『煙』3.取り戻せない日常
3.取り戻せない日常
寝て、起きたら。
良い匂いがした。
わたしのいた村ではあまり食べたことのないあさごはんだ。
ベーコンと目玉焼きと、焼いたパンに、ミルク。
いつも、雑穀のオートミールだったから、思わず、唾が。
「おはよう姉さん。ちびもな。」
この人、紅い髪のお兄さんはわたしの頭をなでる。
わたしの恩人。きれいで、かっこいいひと。
テーブルで準備をしているのはそのお姉さん。金髪の綺麗な人。
「嫌いな食べ物は、この中にある?」
私は首を横に振る。
「良かった。もう少しかかるから先に顔を洗ってきて。」
わたしは昨日、教えてもらった洗面所に歩いていった。
ペタペタと、わたしの足音。
木の板が張り巡らされた床は、裸足の足には少し冷たいけど、きもちいい。
洗面所には、小さな台が置いてあって、背が低いわたしでも洗面台に届く。
蛇口を捻る。直ぐに綺麗な水が流れる。
村ではなかったこと。
お兄さんとお姉さんと、もう一人のお兄さんの家だというこの場所は、わたしにとってはお伽の国のお城。

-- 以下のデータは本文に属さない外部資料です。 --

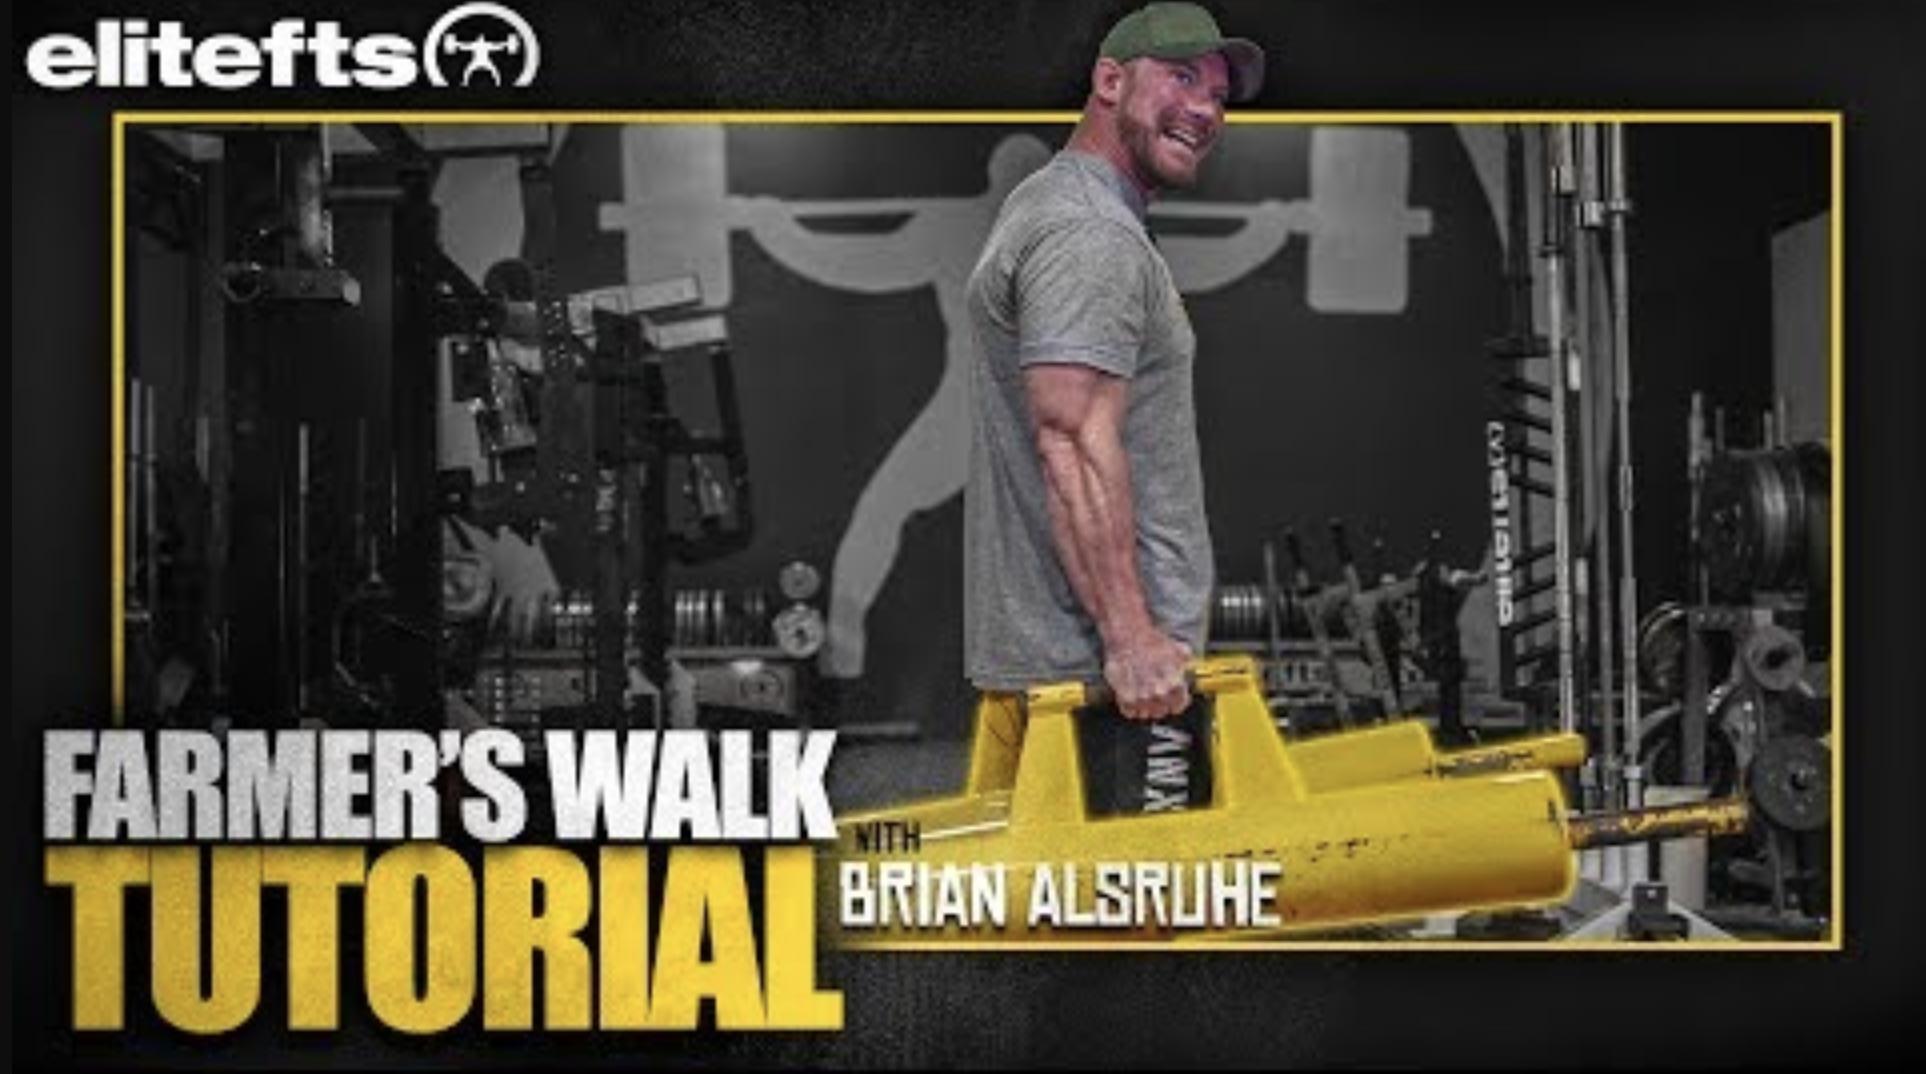 WATCH: Farmer's Walk Tutorial with Brian Alsruhe

広くてきれいで、住んでいる人も、お姫さまと王子さまみたいにきれいで。
なにもかも、違った。
「…いただきます」
手を合わせて、まずミルクを飲んだ。
甘くておいしい。
パンもかじって、ベーコンも、目玉焼きも。
甘くて、こうばしくて、おいしい。
「ゆっくり食べたらいいからね。」
「は、い」
わたしはしばらく口を動かすことに夢中になった。
食べきれなかった分はお姉さんとお兄さんが食べてくれた。
食べ終わって、歯を磨いたら
「この服、どう?春の新作なんだけど。」
お姉さんが服を見せてくれた。私が好きな花の色の服。
長いスカートの、村ではお金持ちの家の子が着ていそうな。
「これに着替えたら、ディルの所に連れていってあげる。」
「これを…?」
わたしの服?でも、こんな高そうなもの。
「気にしないで、着る人もいないから。きっと、あなたに似合うわ。」
そう言って、にっこりと笑った顔は、似ていた。
おかあさん。
わたしの目の前で、いなくなっちゃったお母さん。
「どうしたの?嫌だった?」
わたしは無言で首を振る。
いけない、泣いちゃダメ。
「ありがとう、です。お姉さん。」
わたしは服を受け取って、着替えた。